Task prompt: What is needed here is an exact printout of the data, with no pictures included.

Dataset excerpt:
━━━━

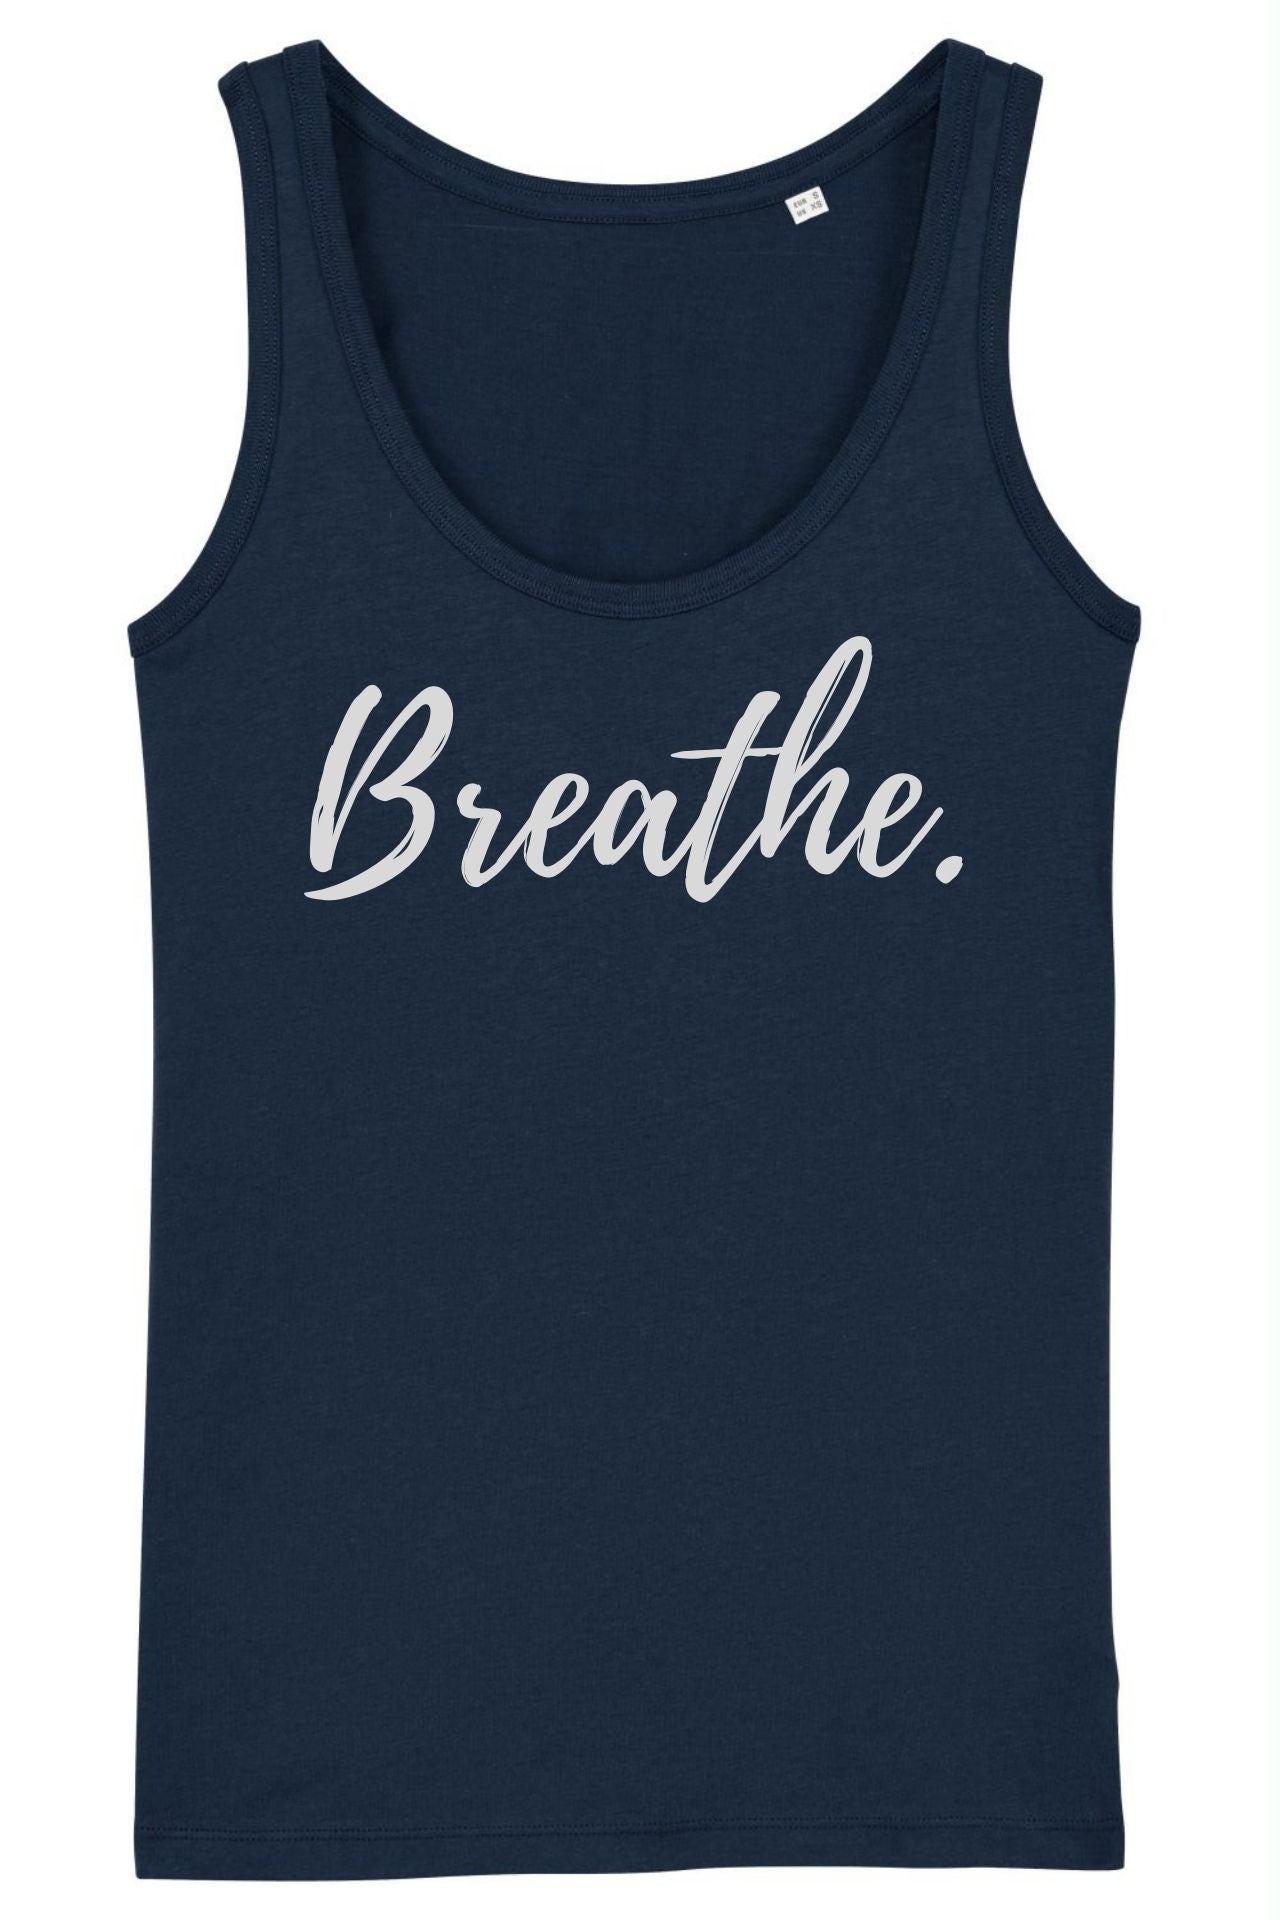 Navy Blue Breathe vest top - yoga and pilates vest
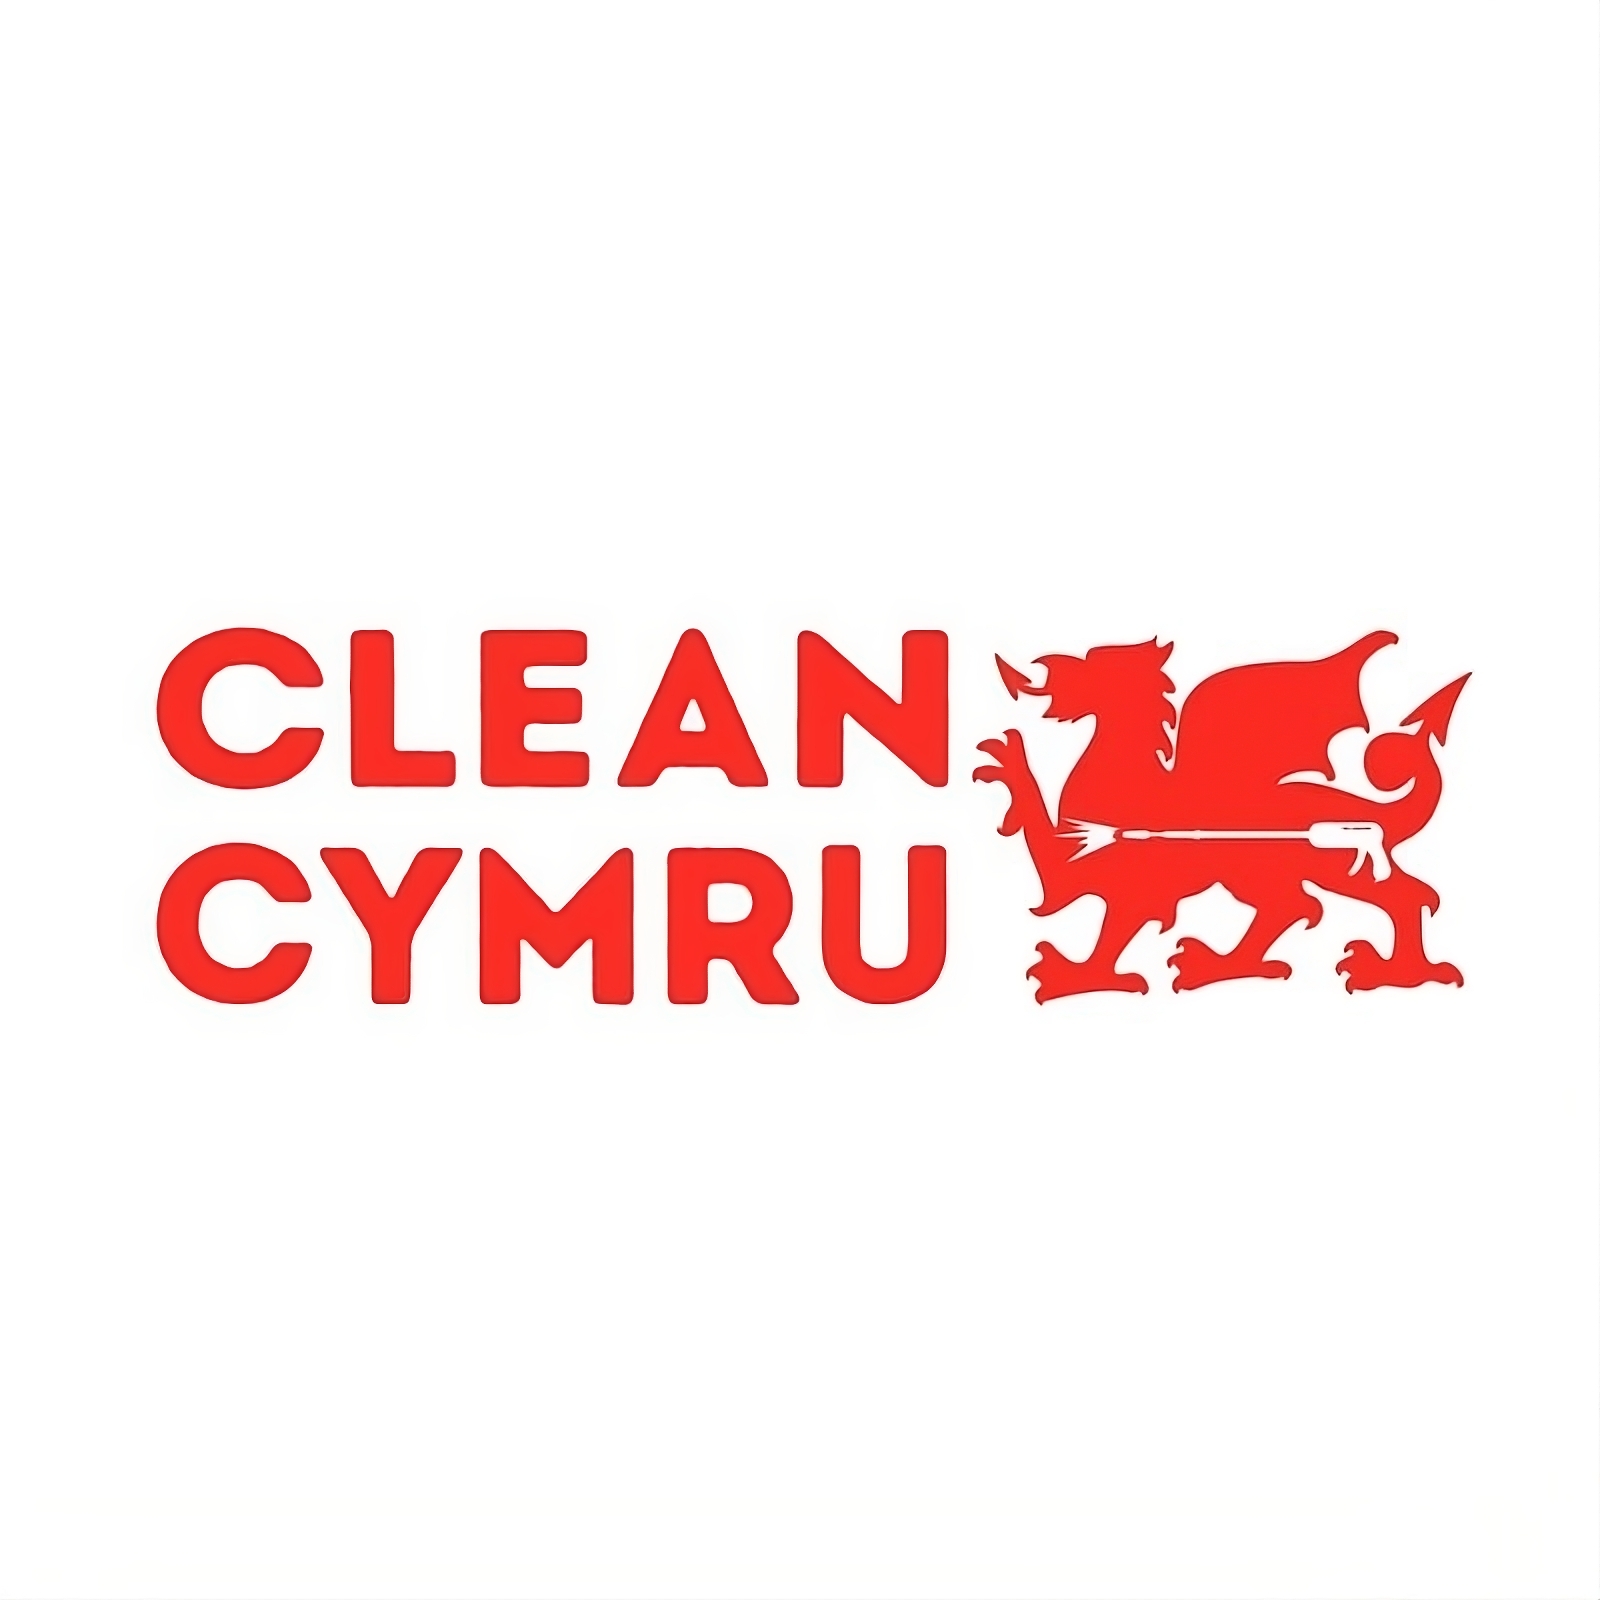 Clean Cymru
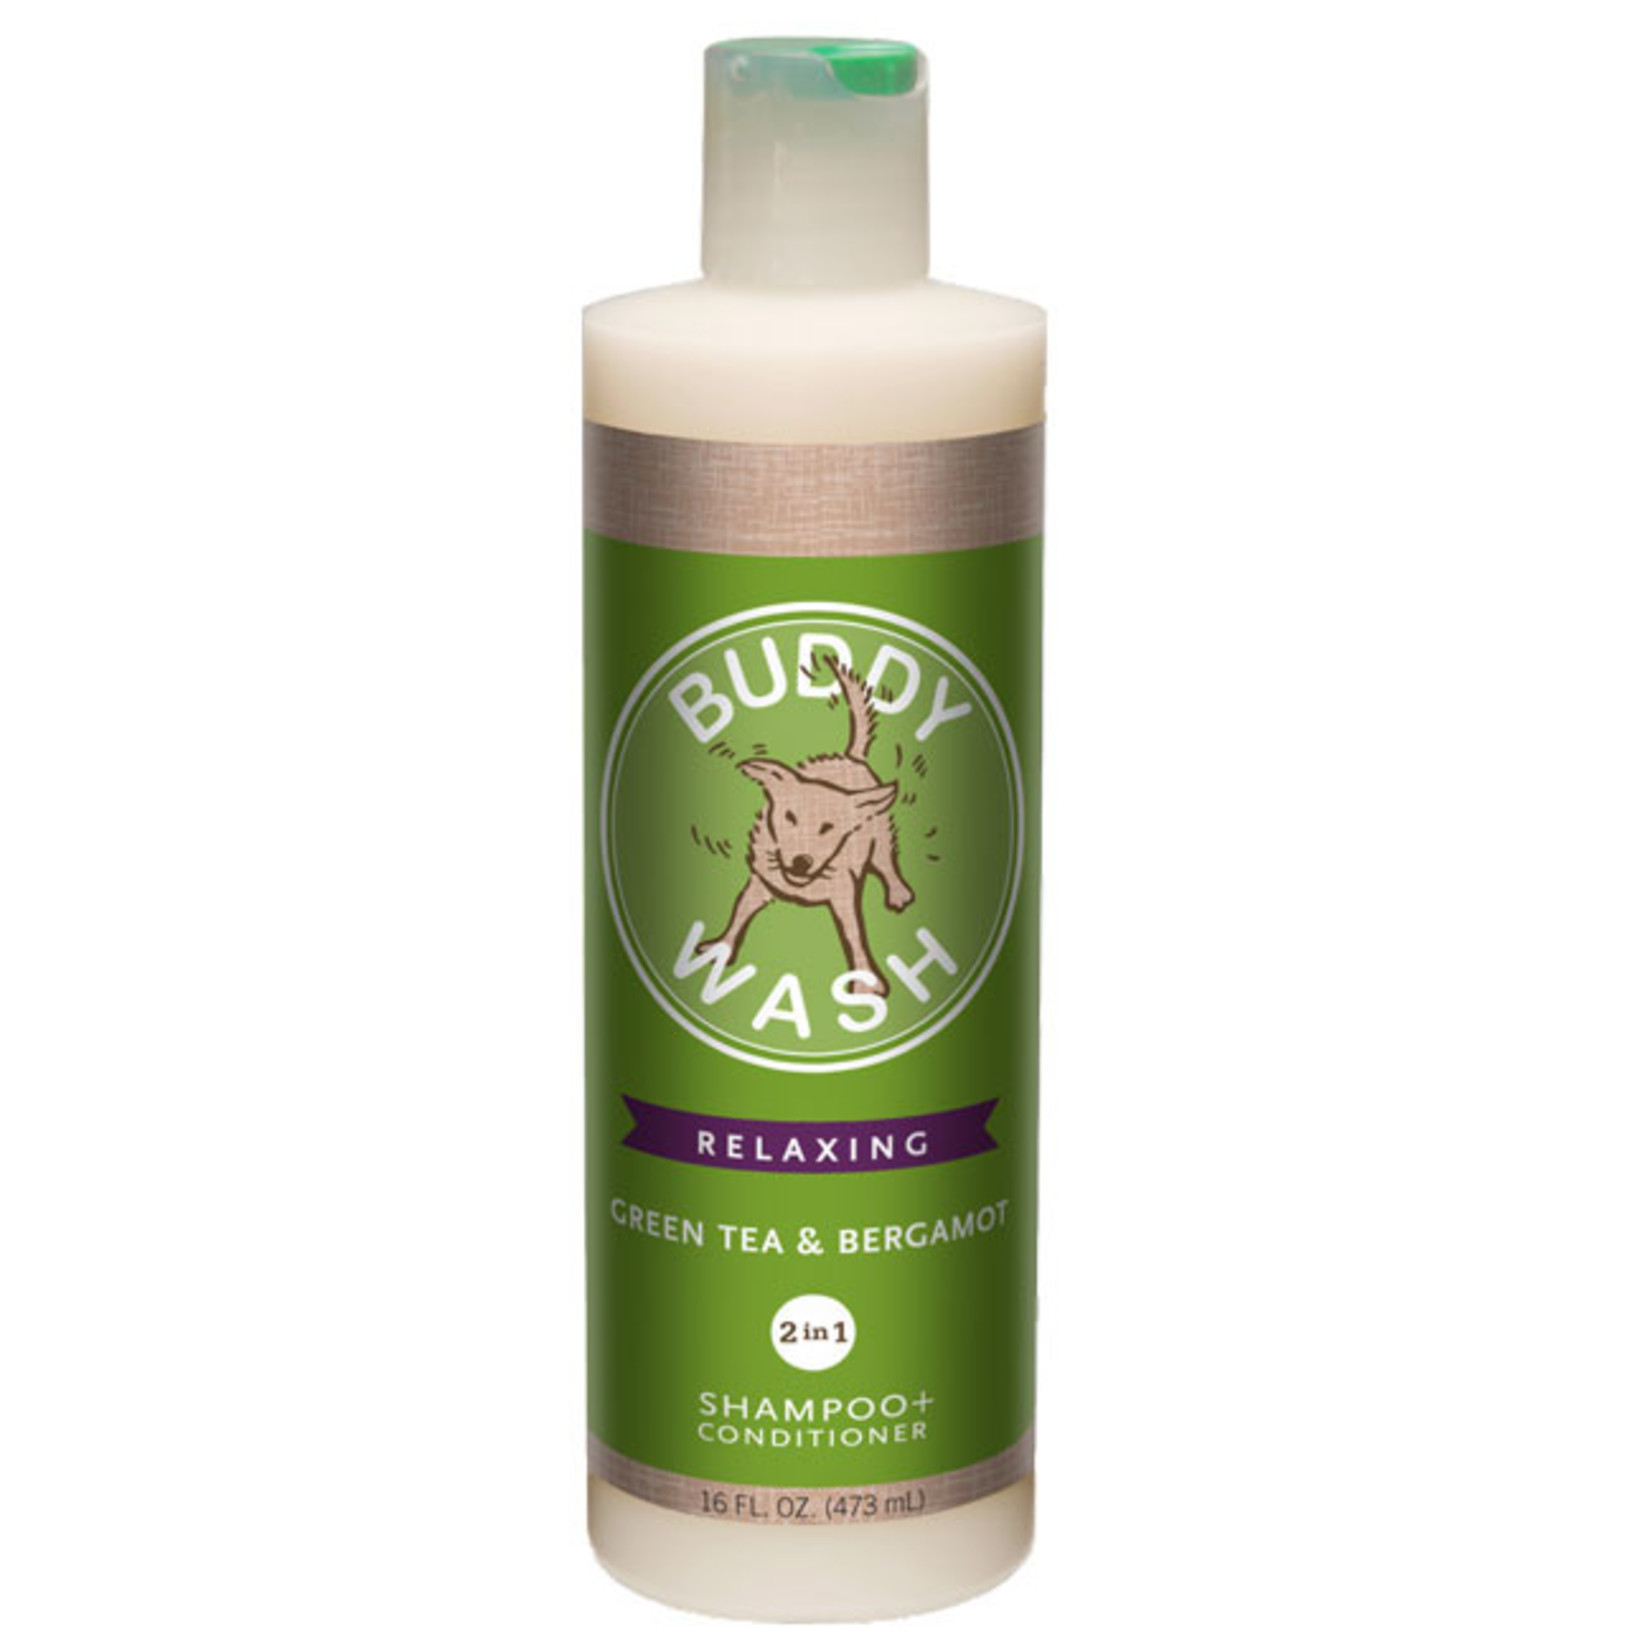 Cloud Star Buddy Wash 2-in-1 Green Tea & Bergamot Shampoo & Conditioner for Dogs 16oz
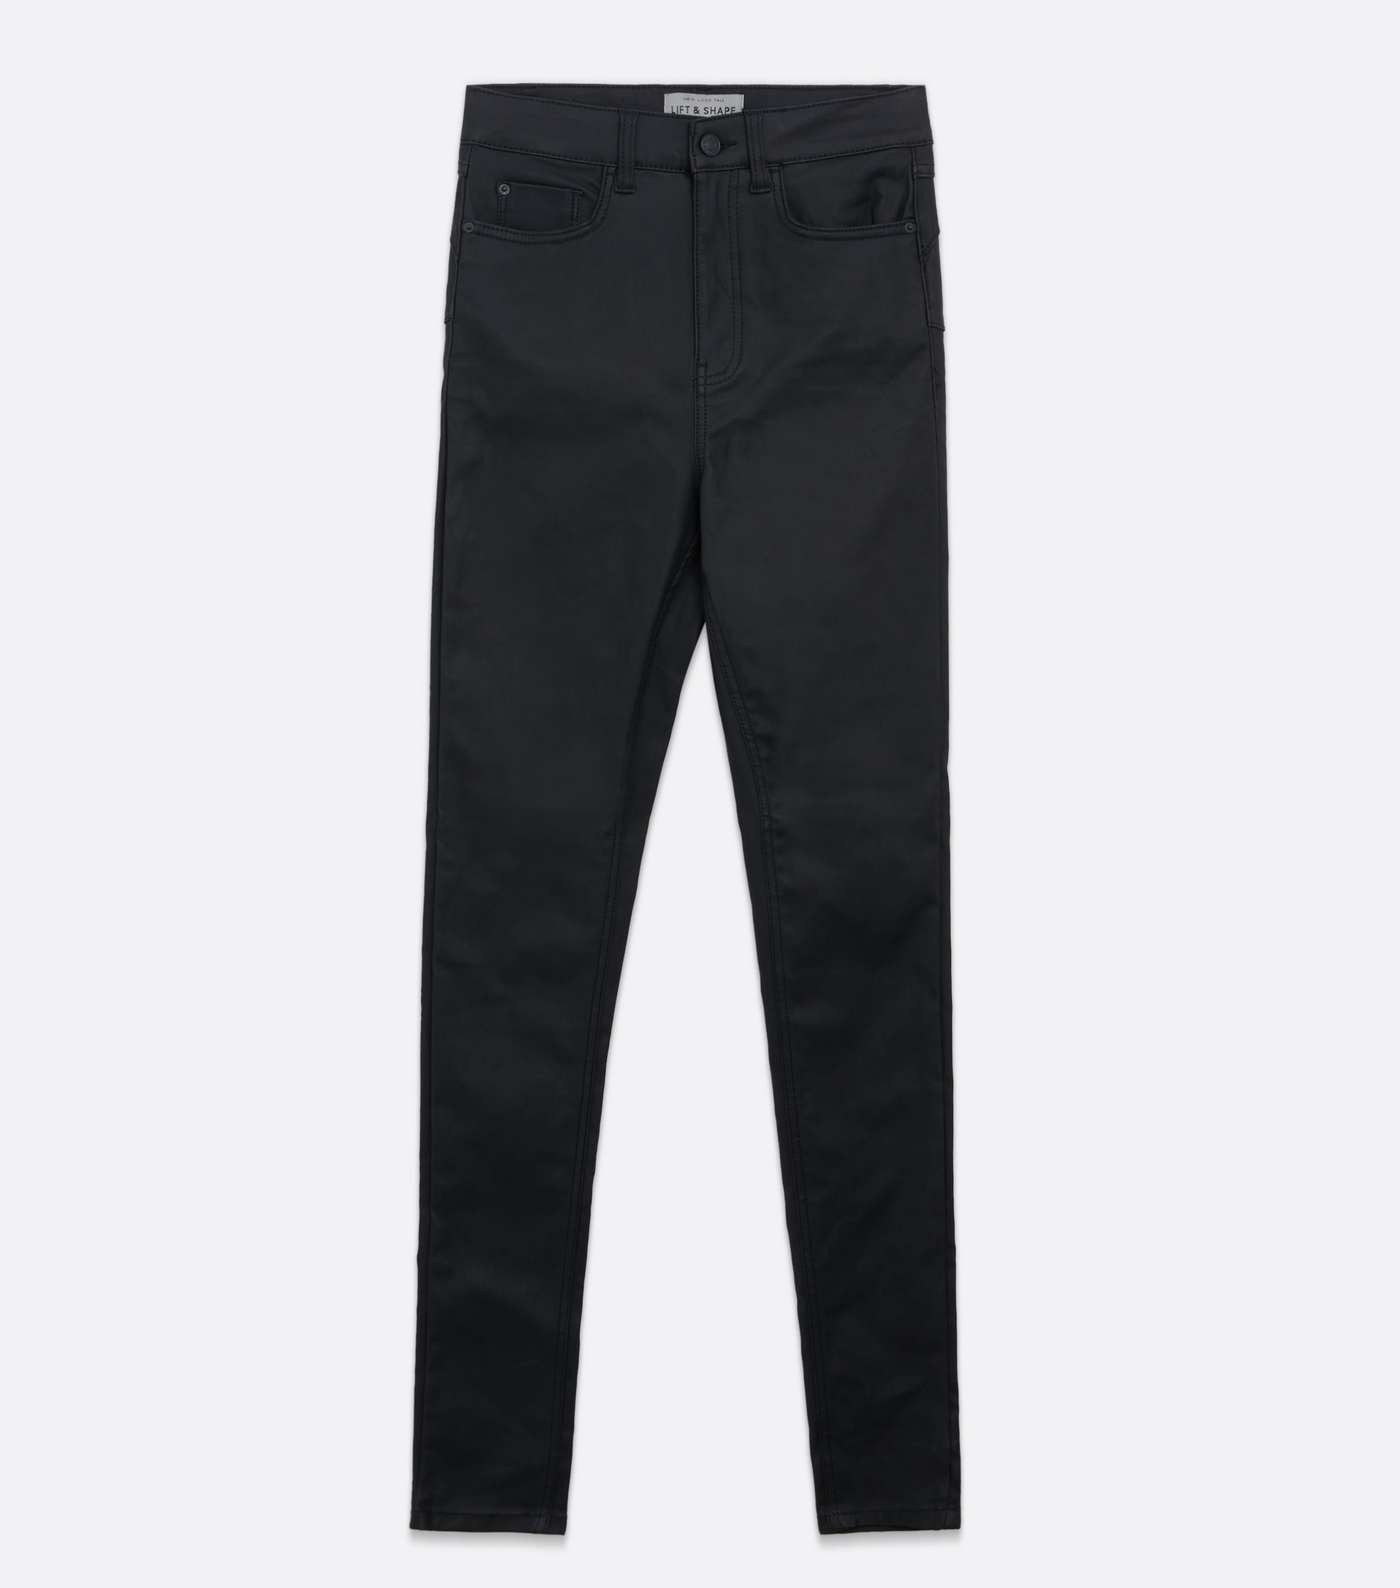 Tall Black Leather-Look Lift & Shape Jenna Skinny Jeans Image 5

━━━━

Output below:
 Navy Blue Breathe vest top - yoga and pilates vest
 Clean Cymru
 Cloud Star Buddy Wash 2-in-1 Green Tea & Bergamot Shampoo & Conditioner for Dogs 16oz
 Tall Black Leather-Look Lift & Shape Jenna Skinny Jeans Image 5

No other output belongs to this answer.